There is a letter that the Alter Rebbe, Rabbi Schneur Zalman, wrote upon his return from prison in Petersburg, right after the great victory he had over his opponents. It’s printed in the section of Tanya titled Iggeres HaKodesh, the second epistle, beginning with the word “Kotonti.”
In this letter, the Alter Rebbe guided the Chassidim on how they should relate to those who antagonized them. He instructed the Chassidim to emulate the attribute of Yaakov Avinu, viewing oneself as mere “remnants,” something truly superfluous and dispensable.
He continued, “Your heart should not grow haughty over your brothers.”
You may ask, “Are these my brothers? These people wanted to kill my Rebbe! The slanderous accusations against the Alter Rebbe focused on how he is a mored b’malchus, a traitor.
The background is that Rabbi Schneur Zalman supported “our brethren in the Holy Land” very strongly, as evident from his many letters. Avigdor and the other antagonists (misnagdim) accused the Alter Rebbe that the money he was sending to the Holy Land was intended to go to the Turkish Sultan, who governed over the Holy Land, to help overthrow the Russian government. This was a crime requiring capital punishment, and here the Alter Rebbe refers to them as “your brothers” and cautions the Chassidim not to act as if they are bigger than them!
What if a chossid meets a group of those antagonists? Can he scream at them and tell them that what they did was inhuman? Not attacking them physically, only talking to them. But the Alter Rebbe writes further, “Don’t open your mouth against them!”

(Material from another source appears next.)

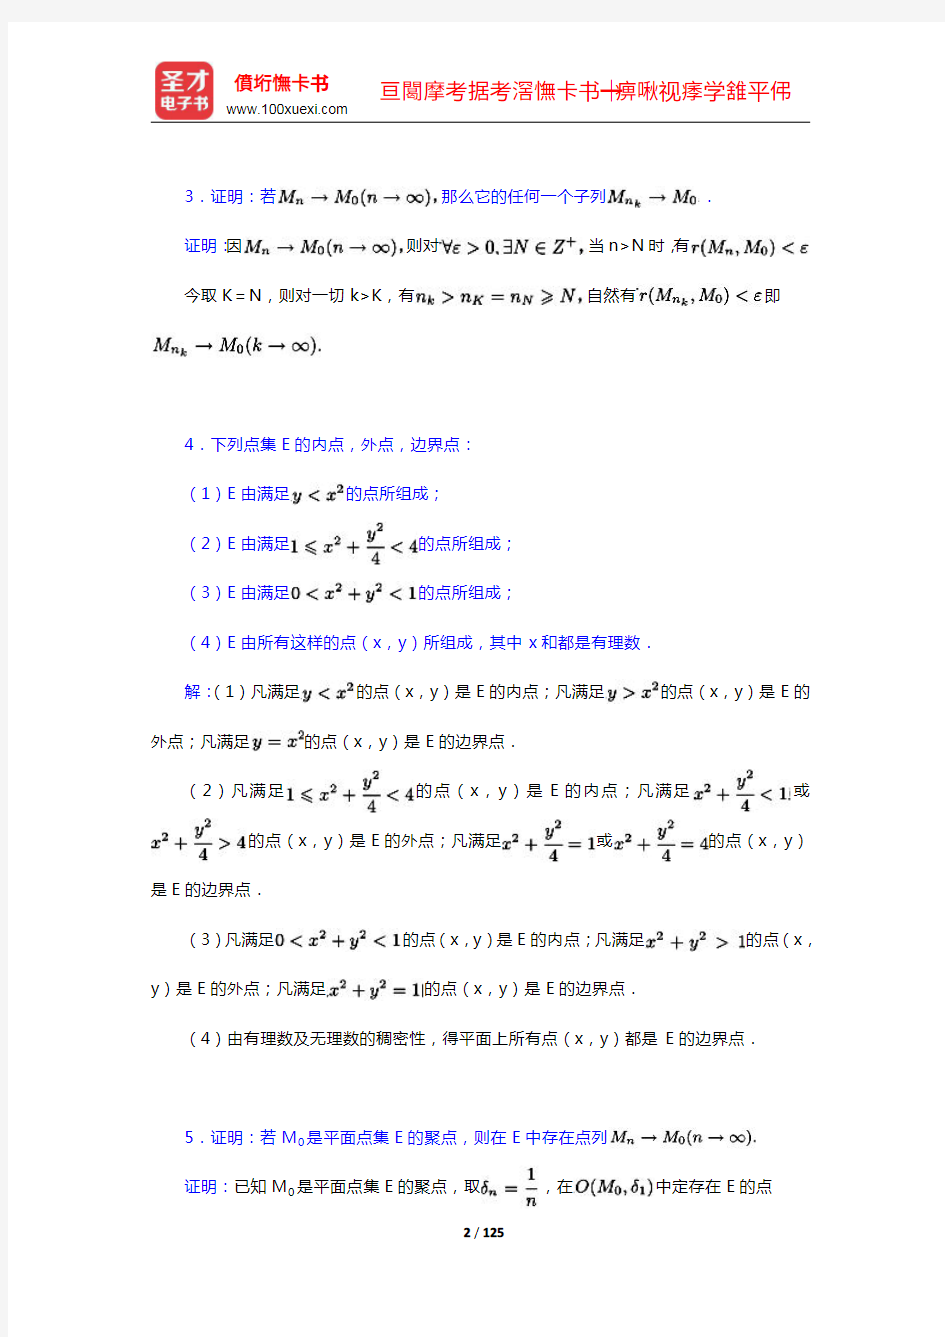 复旦大学数学系《数学分析》(第3版)(下册)配套题库(13-22章)【圣才出品】

What about whistling derisively at them (in Yiddish, zei unfaifin)? The Alter Rebbe forbids that as well, even adding, “Chas v’sholom – G-d forbid!”
How are we to understand this? G-d forbid to whistle against the one who wanted to kill your Rebbe? But that’s what the Alter Rebbe instructed.

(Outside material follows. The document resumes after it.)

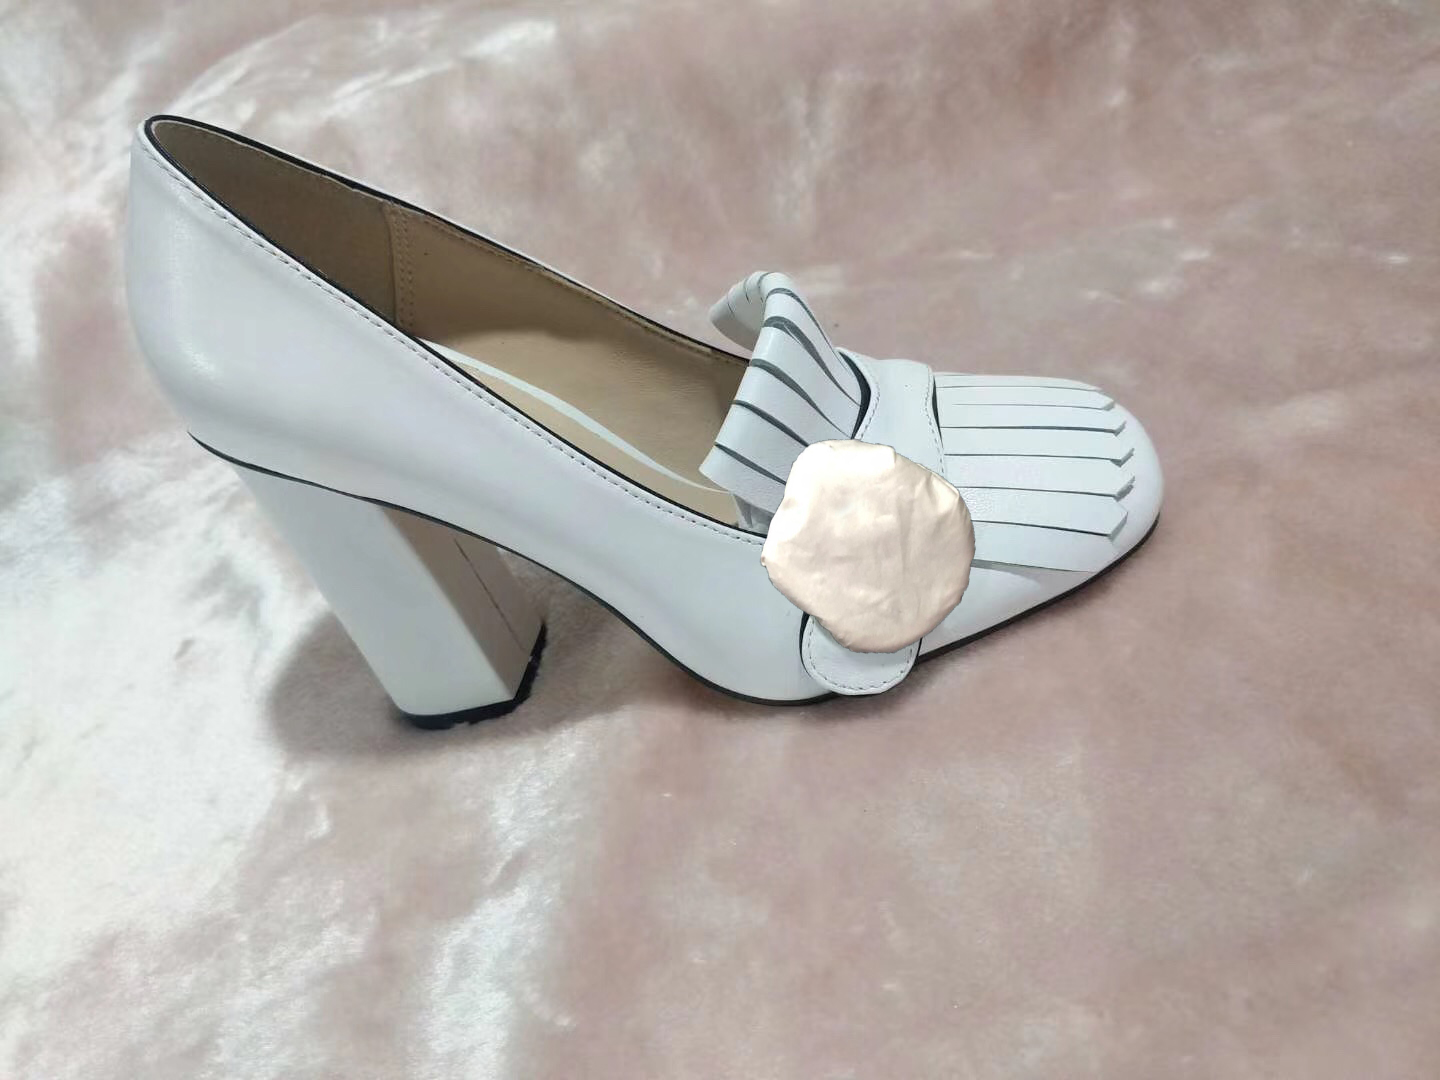 Hot sprzedaży- luksusowy projektant wysokie buty na obcasach statkiem wiosna jesień Sexy Bar konferencyjne kobieta buty 10cm metalowa klamra grubych obcas buty 34-42

Then, with a rare expression not found anywhere else in Tanya, the Alter Rebbe adds, “Azhoroh noro’oh – A strict warning: hold your peace! Don’t mention anything!”
What, then, should be the approach to those antagonists when seeing them?
“Lower your spirit” – act with absolute humility before them. And if you must talk to them, speak “softly… with a restrained spirit… And through all this, perhaps G-d will put [a conciliatory and loving response] into the heart of their brethren, [for] “as waters [reflect] one’s face, [so does the heart of one man reflect the heart of another].”
When you look at all this, it’s mind boggling – that in dealing with the harshest antagonists, our response shouldn’t be to scream at them but rather talk to them in a subdued manner as if we owe them the world.
Note that the Alter Rebbe did not write this years later but immediately after his release from prison.
This is an unparalleled form of Ahavas Yisroel that we don’t find anywhere else. And this is what the Alter Rebbe requested of the Chassidim.